Sir Mark, a Royal Engineer, was one of the founders of Britain’s 1st Airborne Division during the Second World War, and was hailed as their ‘saviour’ during the retreat from Arnhem.
His medals were described as an ‘extremely important and rare group’ and went to a private collector of medals for significant historical events when they were auctioned by Noonans Mayfair on Wednesday (February 14).
The £100,000 price exceeded the £60,000 to £80,000 expectation of the family, who were keen for the heroics of the British Airborne Forces during the Second World War and the sacrifices made by them to continue to live on in the public consciousness for generations to come.
Sir Mark’s family wanted the sale to highlight the story of the medals and to secure their safekeeping for the long-term future.
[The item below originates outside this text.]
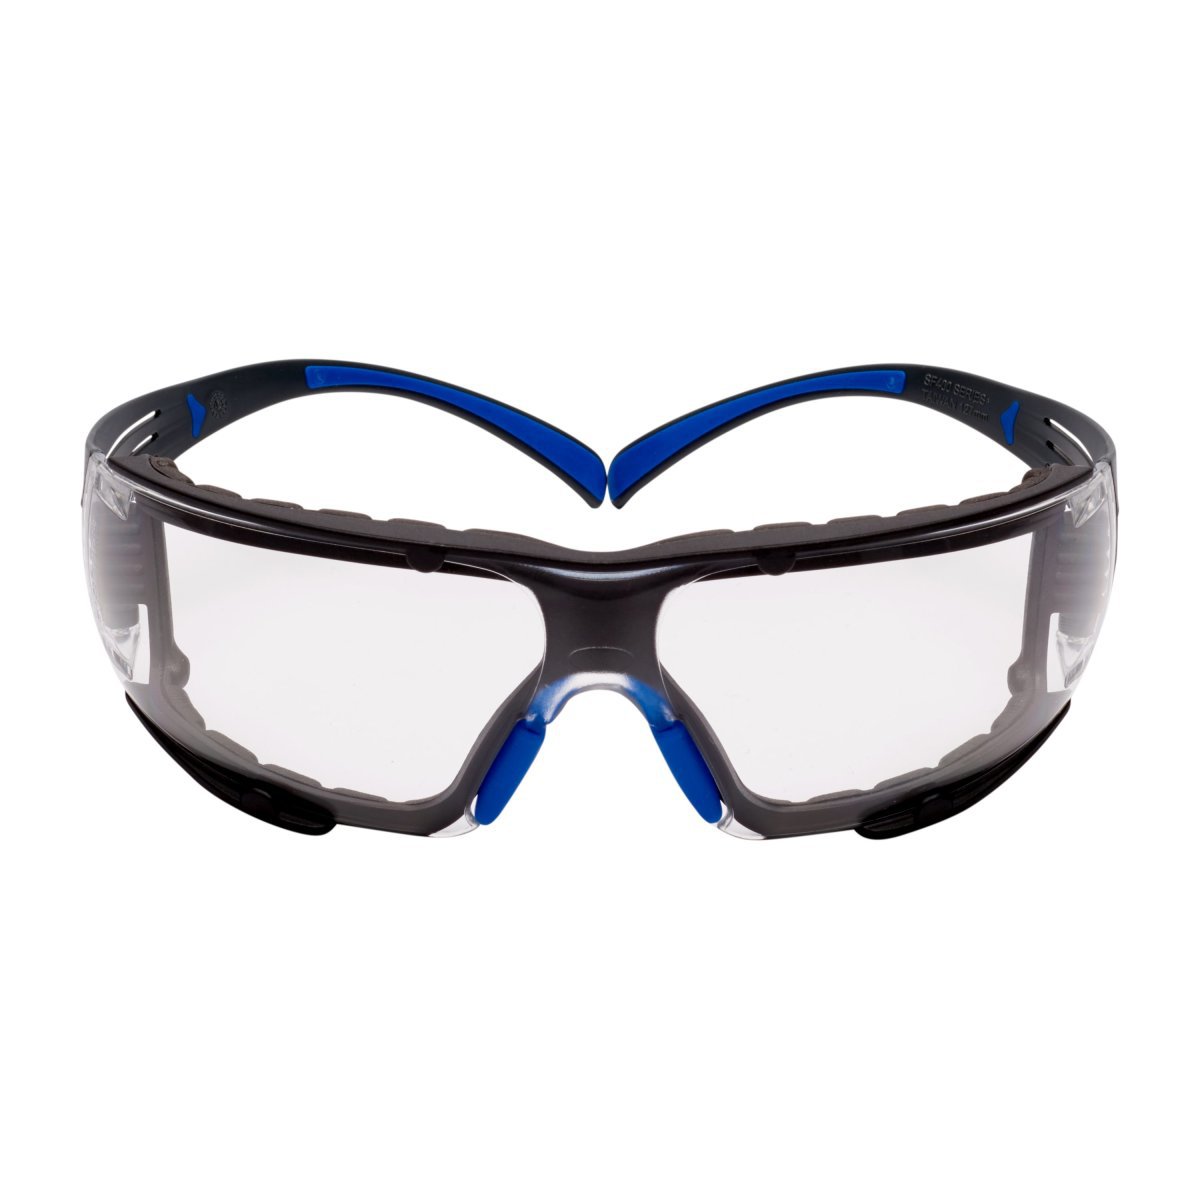 3M™ SecureFit™ Safety Glasses SF401SGAF-BLU-F, Blue/Gray, Clear Scotchgard™ Anti-Fog Lens, Foam Gasket (Availability restriction

Head of client liaison for Noonans, Christopher Mellor-Hill, said: “The price achieved for this amazing group of medals awarded to ‘Honker’ Henniker reflects not only his outstanding leadership under fire while severely wounded, capturing 90 Italian prisoners in the Sicily landings, and as a key figure in the famous WW2 raids of Bruneval and Telemark, but in the ultimate accolade of the immediate award of the DSO for his command and planning of the night time rescue and evacuation of some 2,400 men of the 1st Airborne Division trapped by the Germans west of Arnhem as a result of Operation Market Garden, which was commemorated by the famous film ‘A Bridge Too Far’.”
Sir Mark was born in Minehead in January, 1906, and after his long military career he died in December, 1991, aged 85, and is buried in St Peter’s Church, Llanwenarth Citra, Abergavenny.
During the war he was integral to the planning of the famous 1942 Bruneval Raid, the attempted destruction of a heavy water production plant in Telemark, Norway, the same year, and the airborne element of the invasion of Sicily, flying in by glider as part of HQ 1st Airlanding Brigade, in 1943.